Thursday, June 14, 2007

Distraction

Period six, again. My head is pounding at the end of a long day, in the middle of a long week. The last two weeks of school seem long to students, but I never thought they would seem so long now. With so much to do, I expected time to fly. Days like this one crawl by endlessly, as I repeat lessons two, four, or even six times in just a few hours. Only the students change, whirling through the library classroom as I try to catch up. Usually, I can keep pace, but today I am tired.

Four students sit at the table with me, their spiral notebooks open to a page about the censorship of rap music. They have read the page five times already. I have read it twenty times. I am weary, and so are they, the cycles of this class grown old and weary at the end of the year. I give them cursory instructions, and they sigh and begin to write in the notebooks.

I quickly return to the business from which my students interrupted me when the bell rang. I had been poring, absorbed, over their test scores. The intimidating WASL test, the test for which I was hired to prepare them, had been taken, graded, and returned to me, their teacher, before the students themselves. I do not like secrets much, especially from them, but in order to have all the information I scan the badly formatted Excel spreadsheet, searching for familiar names, hoping to discern happy futures for them from among the rows of letters and numbers.

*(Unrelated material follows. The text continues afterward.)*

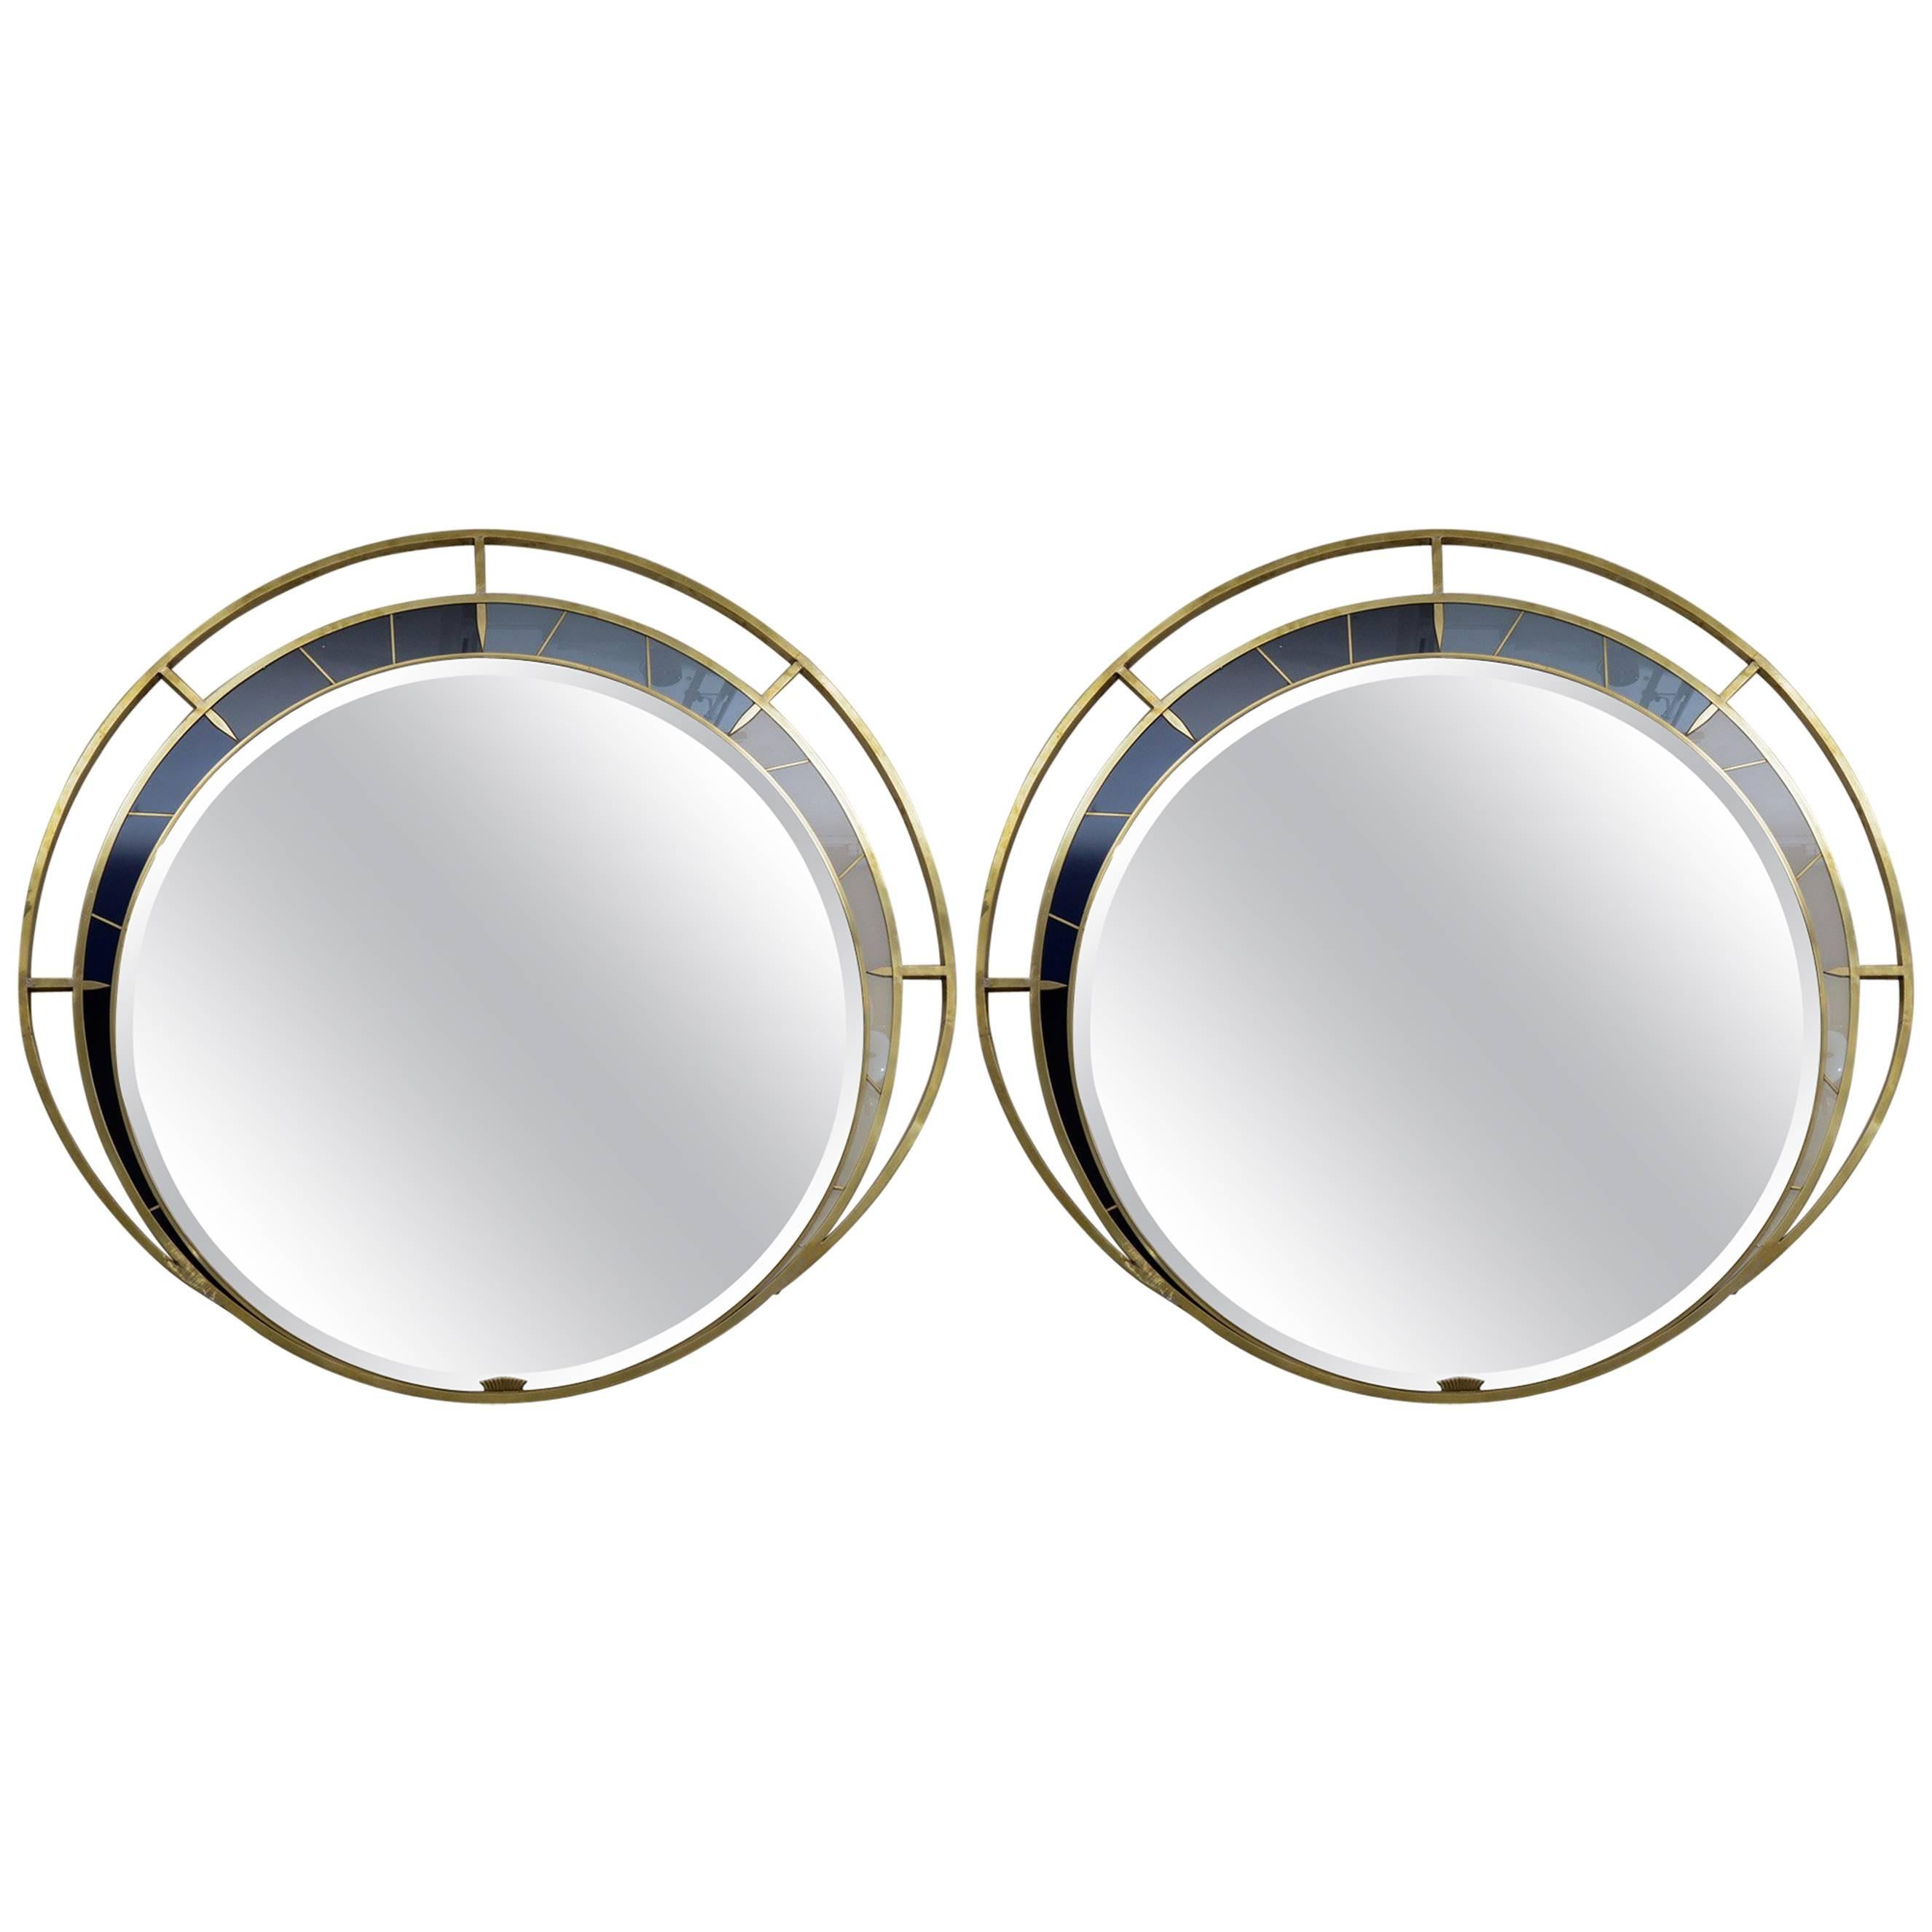 Exceptional Pair of Large Round Mirrors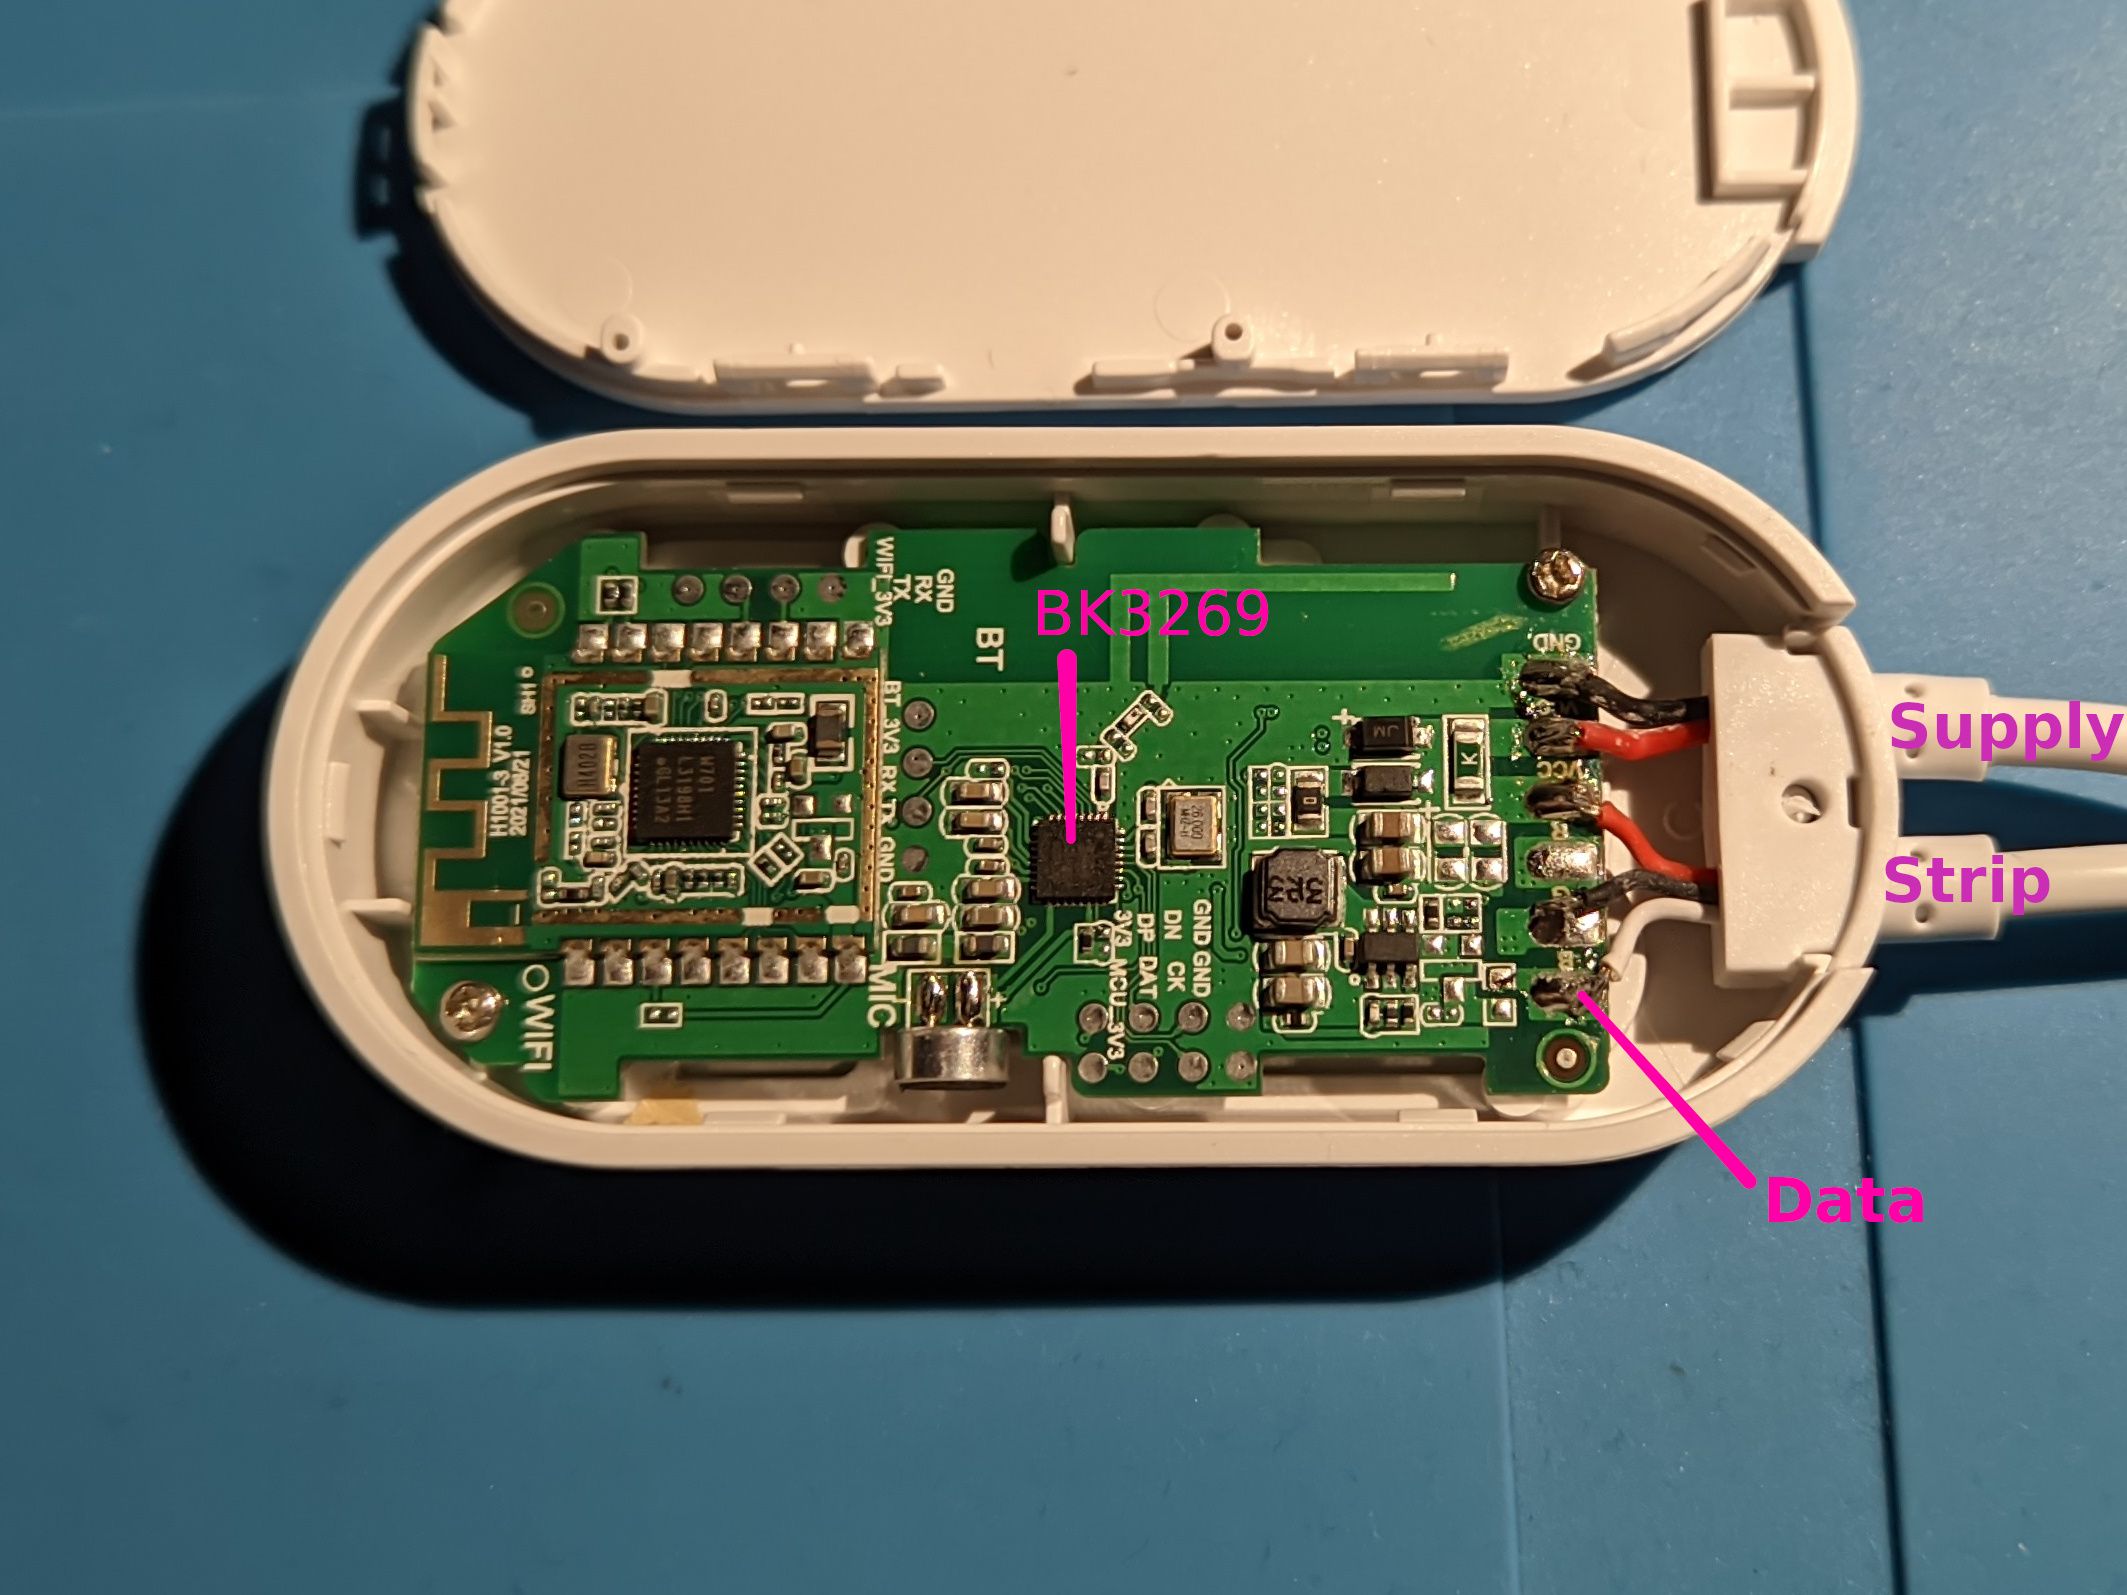 the opened controller case reveals a PCB

For several minutes, I hunch into the paper, lost and unaware that the four students have long finished the task I assigned them. They gaze off in all directions, fidget, begin to flip open phones or doodle on the desk. I look up, distracted, and glance over their books. The answers are in disarray, and I see where they have gotten lost, mistakes that could have been avoided had they, as they deserved, had a teacher to help them. Ashamed, I put away the spreadsheet, once again worried by the statement I've accidentally made, ignoring the live students in front of me, the lesson of the day, to gaze at faraway standards, at the futures none of us control now. The test scores are important, I know, but they can be nowhere near as important to me, right now, as the hands, faces, and minds that earned them.